Updating VMware Cloud Foundation (VCF) from 5.1.0 to 5.1.1

I recently upgraded a nested lab from VMware Cloud Foundation (VCF) 5.1.0 to 5.1.1. A few lessons were learned along the way, and I’m going to document those below.

Step 0 – Validate the environment

My VCF lab had been powered down for a couple of months and during that time many of the credentials expired. The SDDC Manager has the ability to rotate credentials automatically, but I do not have that configured, and it likely would not have worked (since everything was powered off). One expired credential was the root user for VCSA. Typically, when I log into my lab and the root password has expired, I’ll change it temporarily to something complex, delete the /etc/security/opasswd file (which contains password history) and then set the password back to my default lab value. However, with this vCenter Server 8 I was unable to use my trusty lab password due to complexity requirements. I found a couple places (https://www.reddit.com/r/vmware/comments/186lrdc/comment/kicbdxm/, https://virtuallythatguy.co.uk/how-to-change-vcsa-root-password-and-bypass-bad-password-it-is-based-on-a-dictionary-word-for-vcenter-vcsa-root-account/) which mentioned settings in /etc/security/pwquality.conf. This file did exist on my VCSA, so I changed these parameters:
dictcheck = 0 # changed from 1 to 0
enforcing = 0 # was commented out, uncommented and changed from 1 to 0

This allowed me to reuse my standard password. After doing so, I restarted the VCSA and SDDC Manager for good measure and confirmed that both UIs were responsive.

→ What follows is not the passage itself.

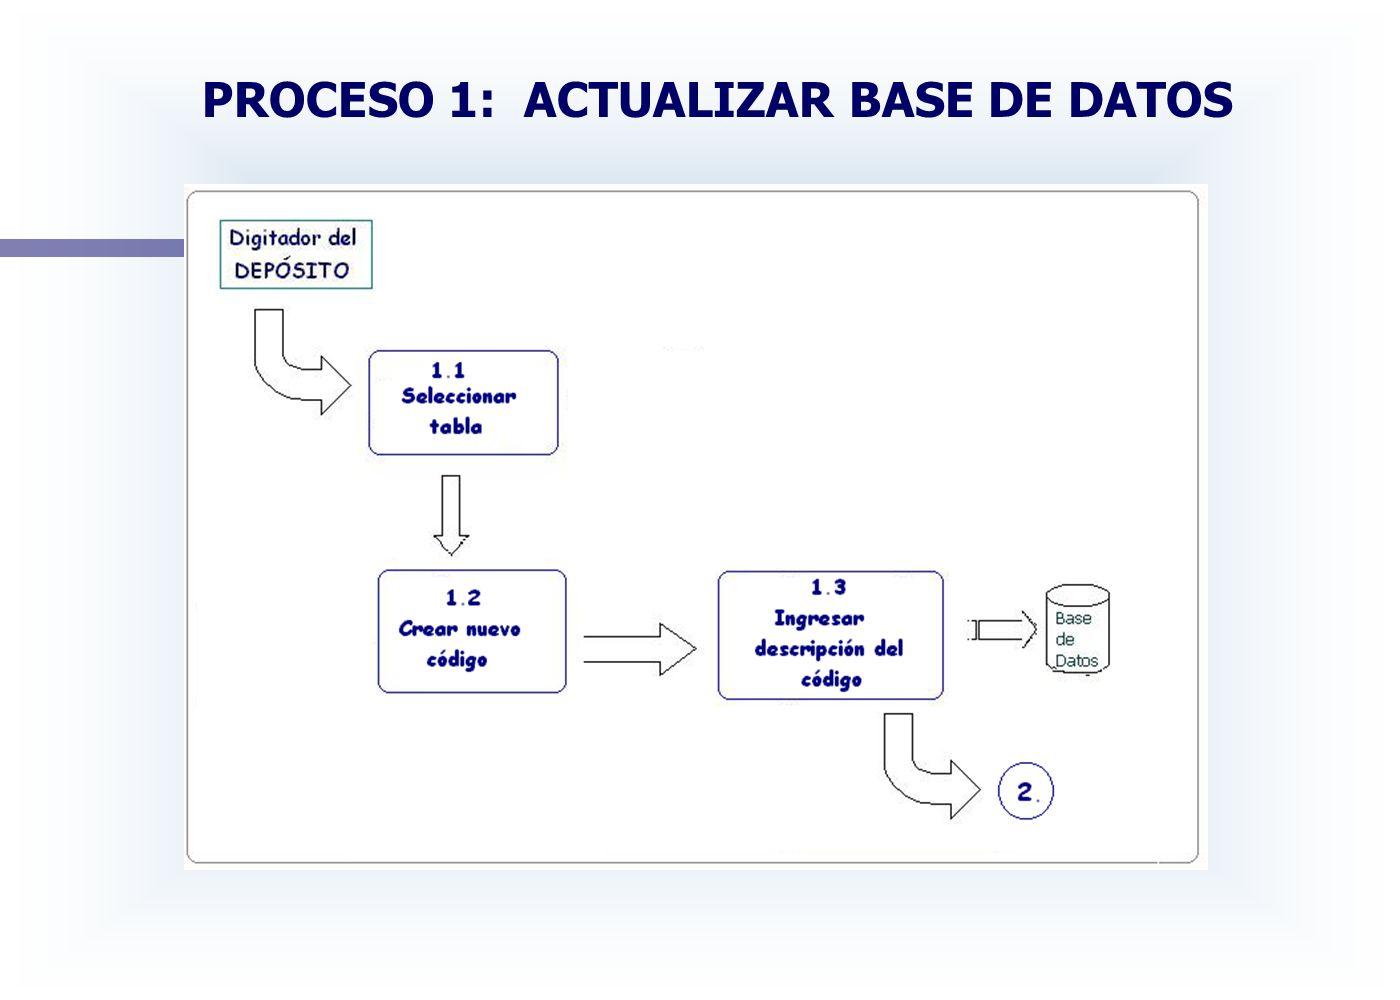 PROCESO 1: ACTUALIZAR BASE DE DATOS

Once the SDDC Manager was online, it showed that several other credentials (NSX Manager & Edge admin/audit/root, backup SFTP, etc) had been disconnected & were no longer working. I cycled through the various endpoints, changing passwords and ‘remediating’ the password from within SDDC Manager.

For some NSX credentials I was running into an error with remediation stating credentials were incorrect, even though I knew they had been updated. I found this article: https://kb.vmware.com/s/article/88561 which described an NSX API lockout-period, so I followed the resolution in the KB article to finish the password remediation.

Step 1 – Complete pending tasks

Running a precheck for upgrade showed a compatibility validation error for the SDDC Manager, NSX Manager, and vCenter Server components. The details of one error said Check the operationsmanager logs and if this issue persists contact VMware support. Reference token: UNVO1U.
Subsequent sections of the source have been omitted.